*What to work on*:
Copy the complete listing word for word, but do not carry over any images.

━━━━━ Collected data

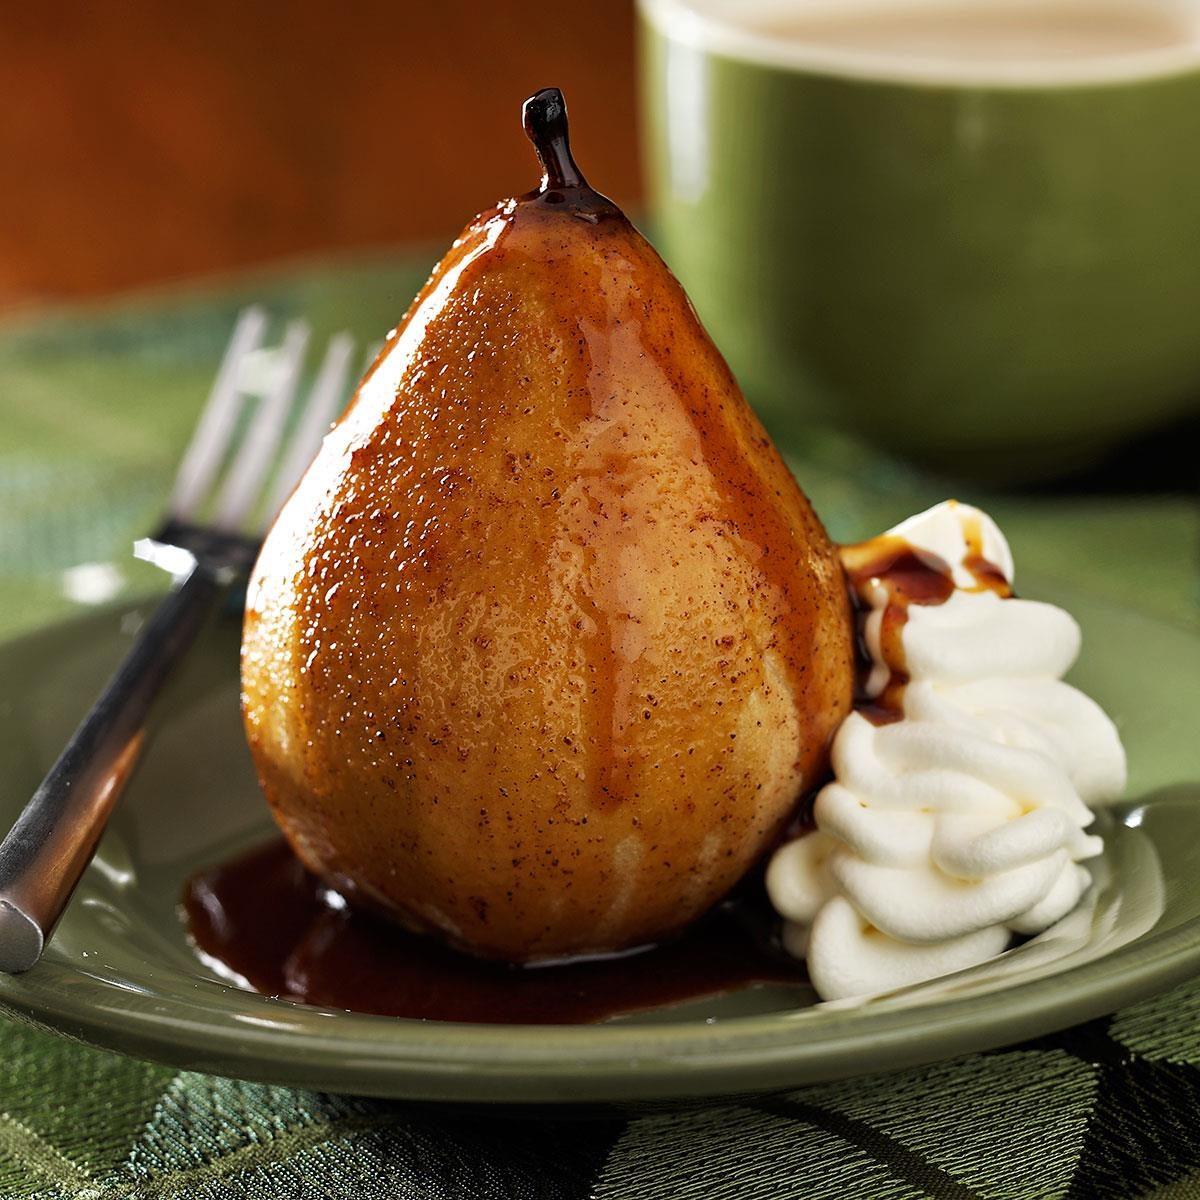 Honey Roasted Pears Recipe | Taste of Home
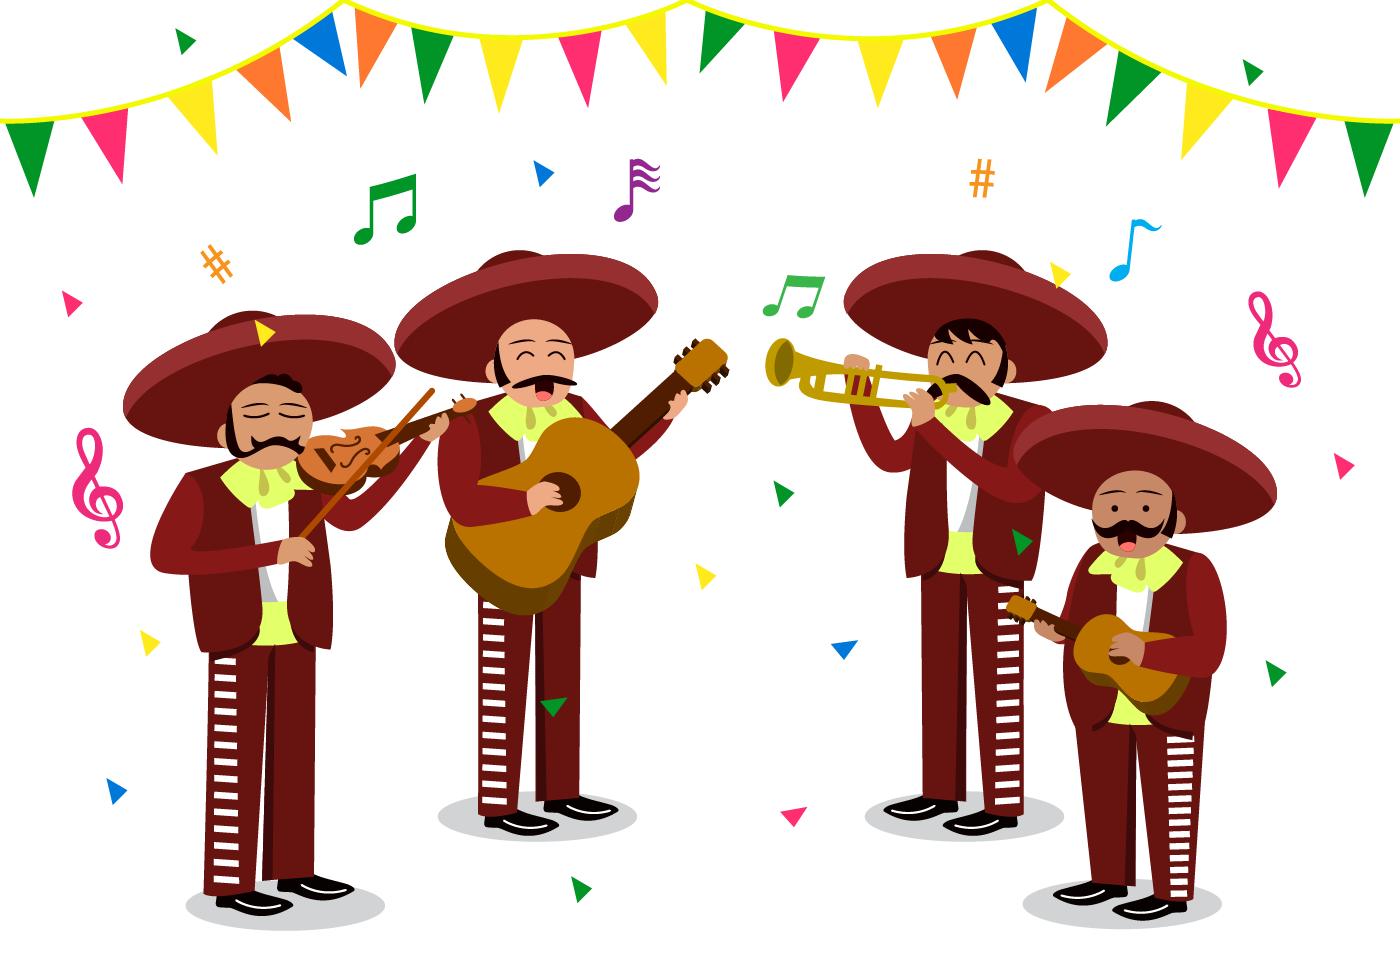 mariachi free vector art 8621 free downloads rh vecteezy com mariachi cartel de medellin clipart mariachi band
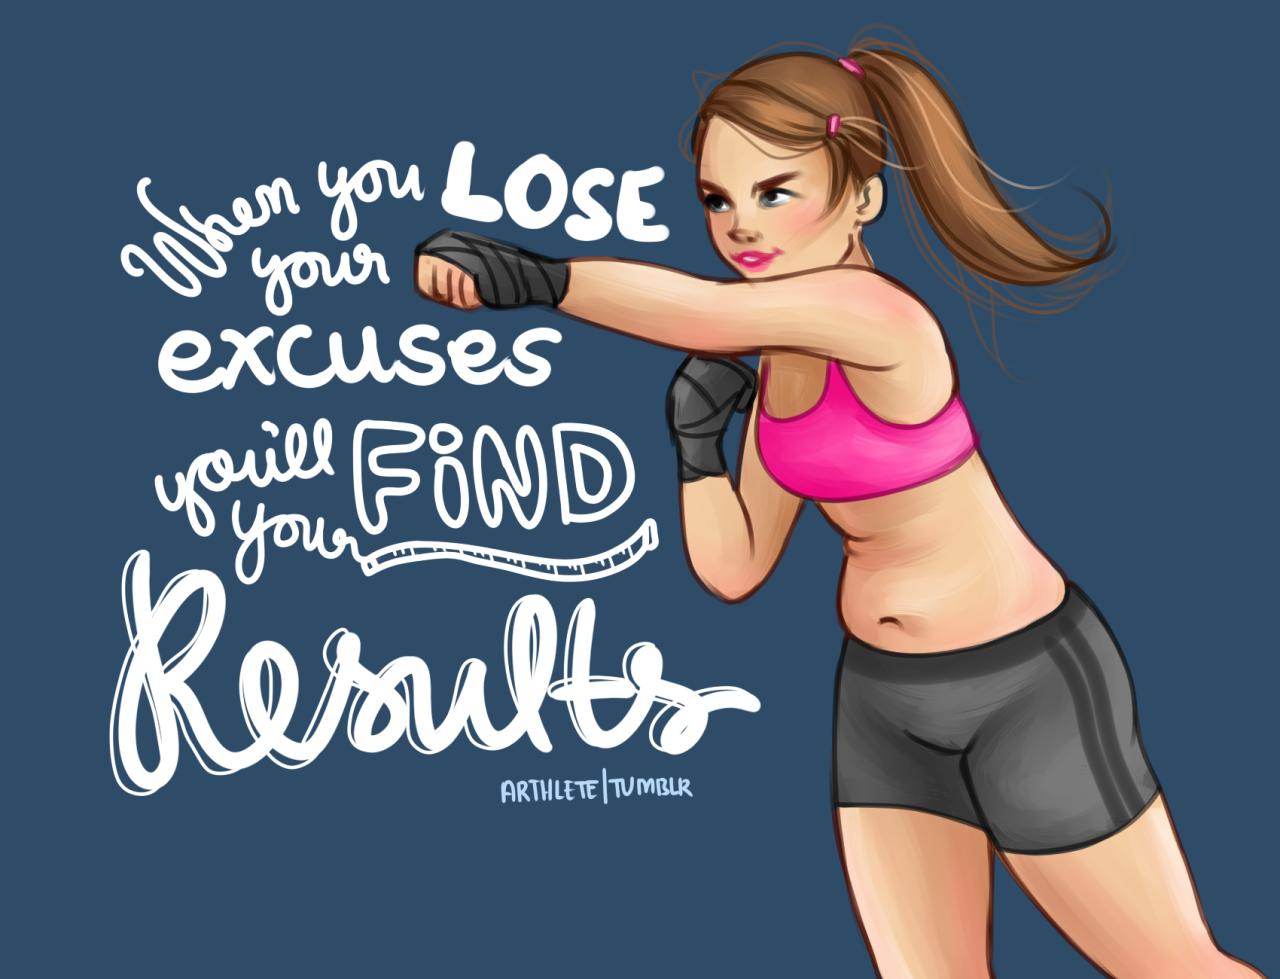 mensagens inspiracionais dieta 10 - grandes mulheres

━━━━━━━━━━

*Response*:
 Honey Roasted Pears Recipe | Taste of Home
 mariachi free vector art 8621 free downloads rh vecteezy com mariachi cartel de medellin clipart mariachi band
 mensagens inspiracionais dieta 10 - grandes mulheres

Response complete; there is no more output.